(Beginning of Source material)

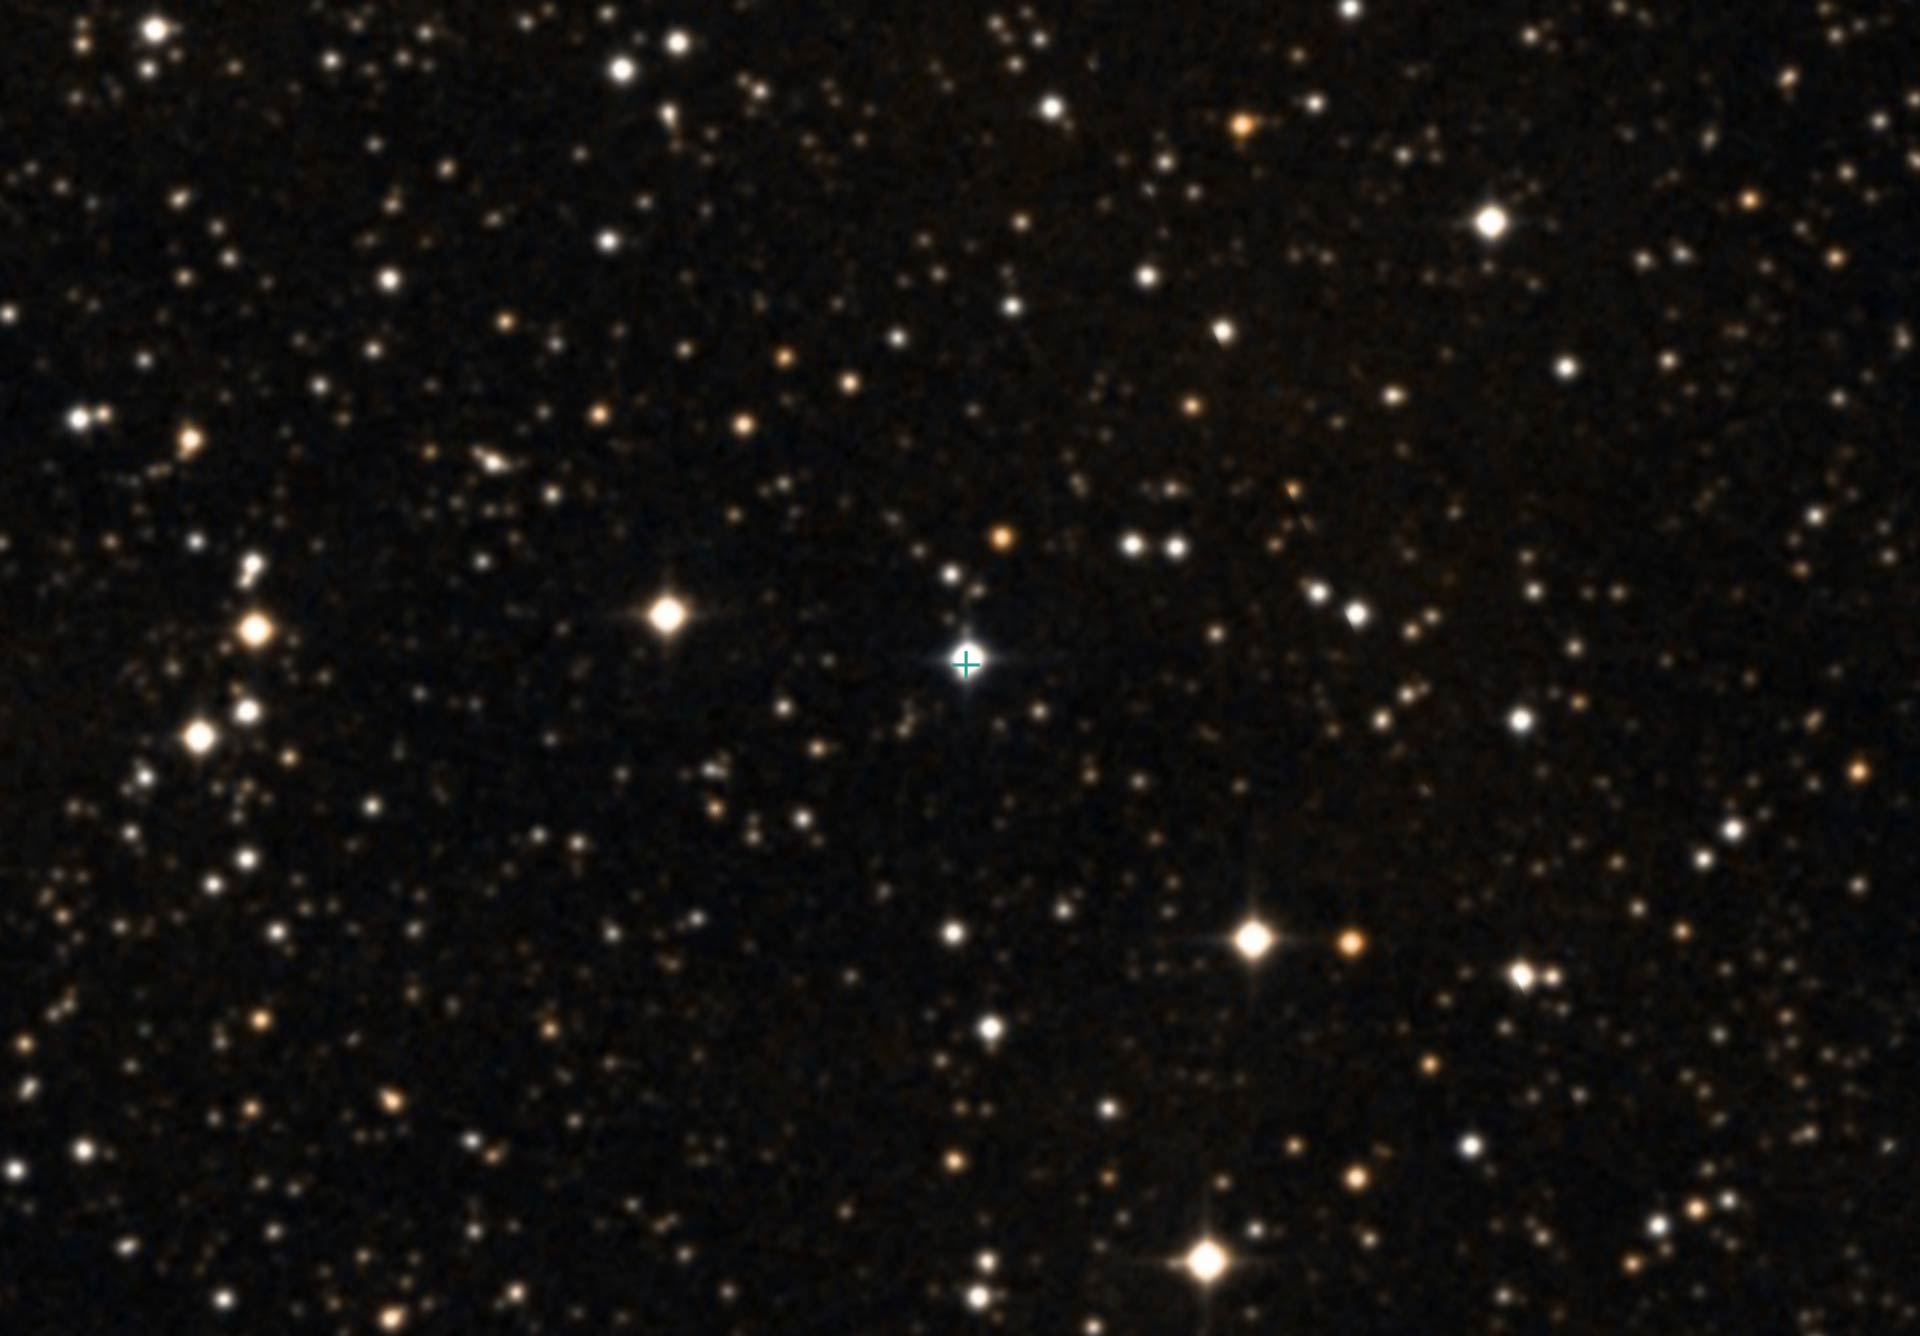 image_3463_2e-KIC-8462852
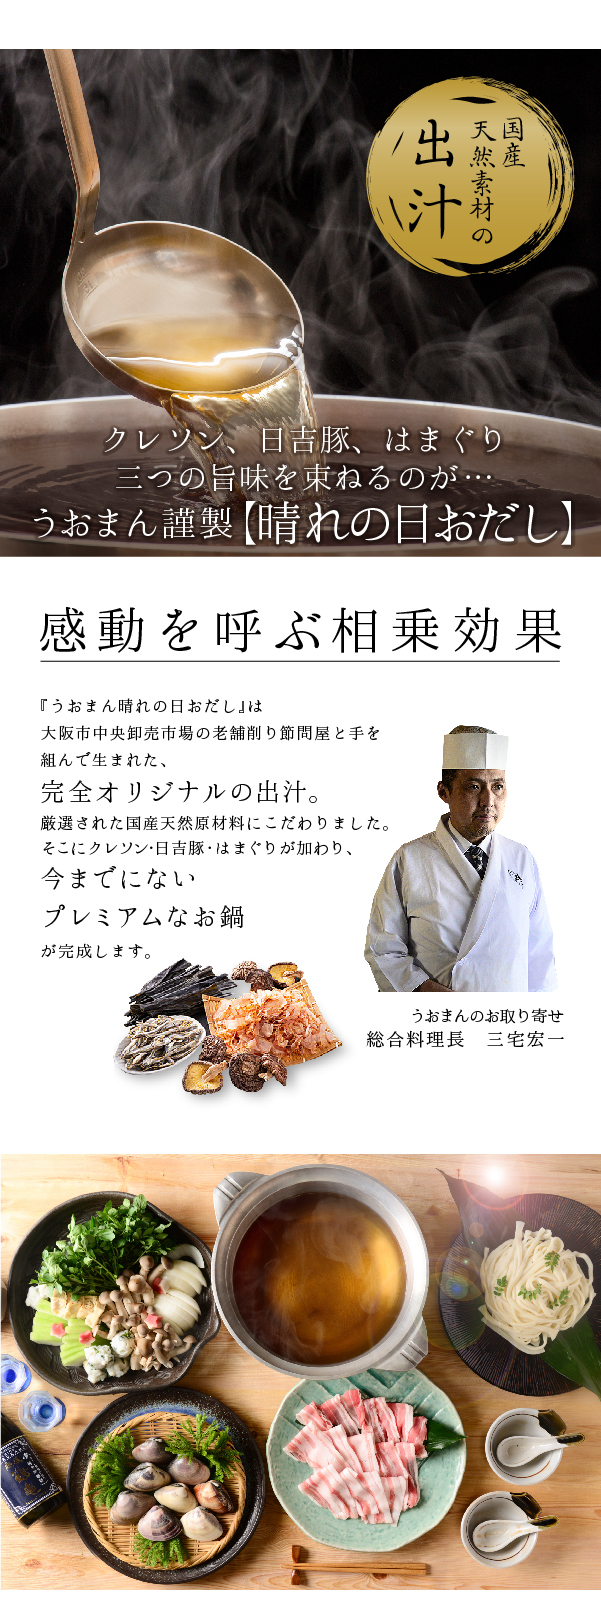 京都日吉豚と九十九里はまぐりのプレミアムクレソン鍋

(End of Source material)
(Beginning of Source material)

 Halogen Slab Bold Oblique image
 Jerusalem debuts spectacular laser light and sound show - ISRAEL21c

(End of Source material)
(Beginning of Source material)

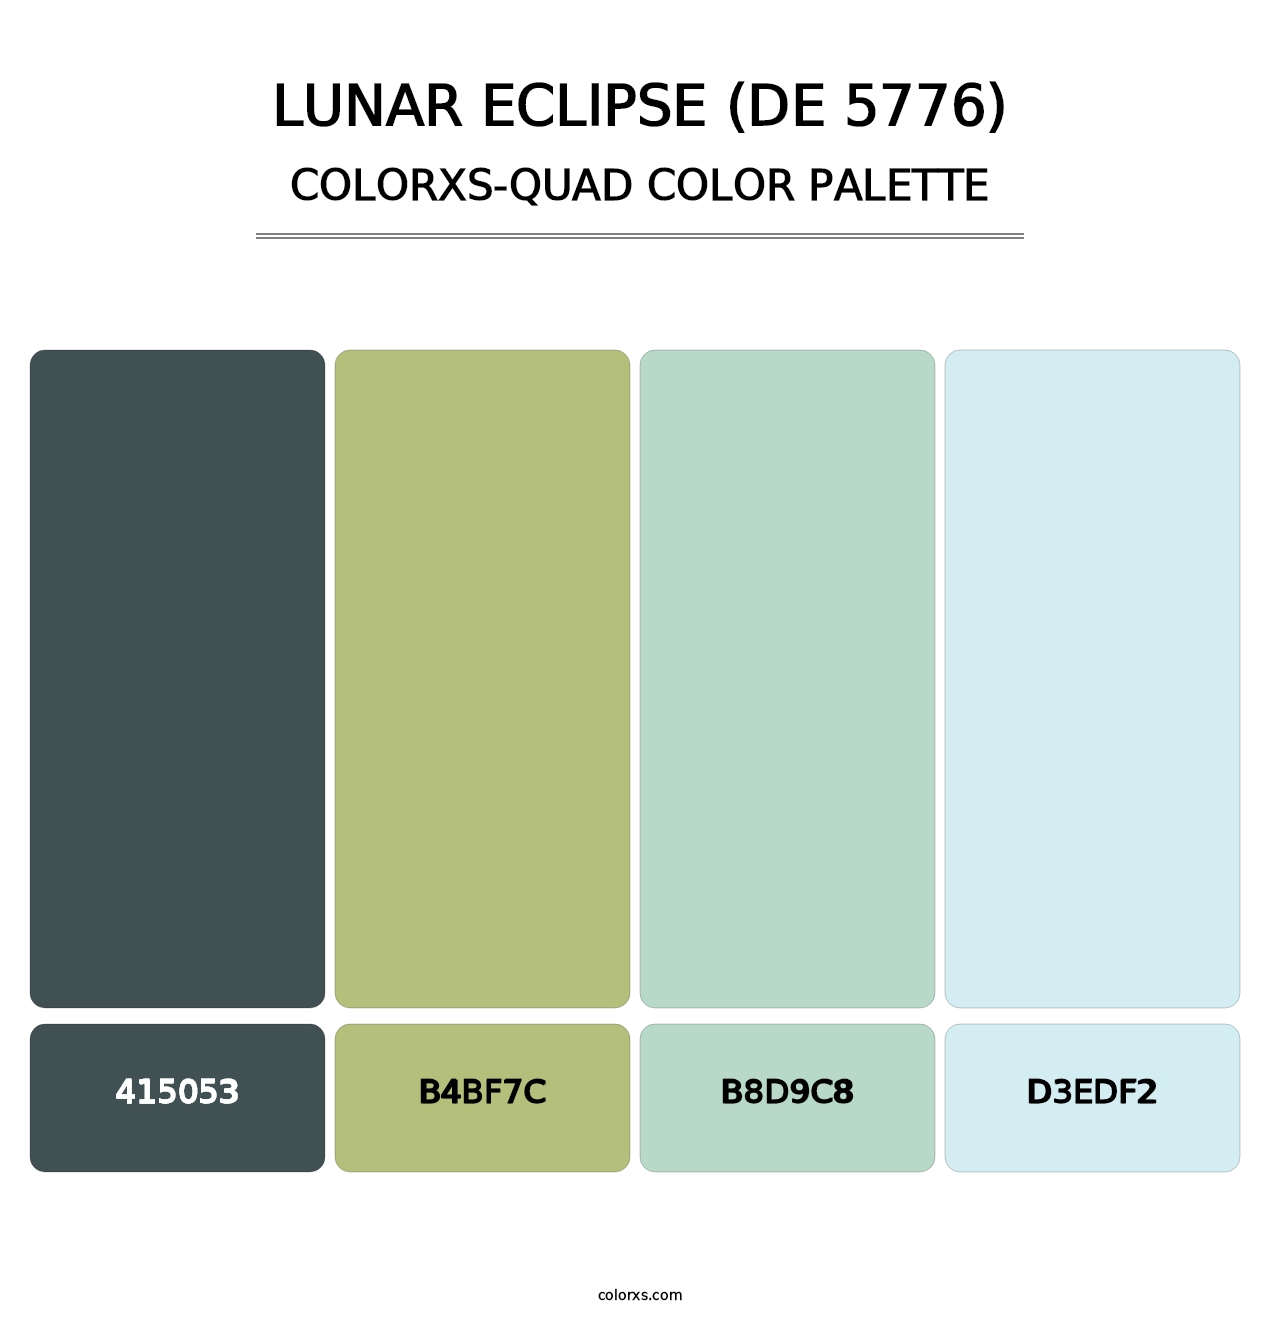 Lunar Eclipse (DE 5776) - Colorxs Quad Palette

(End of Source material)

● **Exercise description**:
Copy word for word the stretch of entries above from the line that has "Halogen Slab Bold Oblique image" through the line that has "Jerusalem debuts spectacular", both ends included, and nothing outside it.

● **Response to the exercise**:
 Halogen Slab Bold Oblique image
 Jerusalem debuts spectacular laser light and sound show - ISRAEL21c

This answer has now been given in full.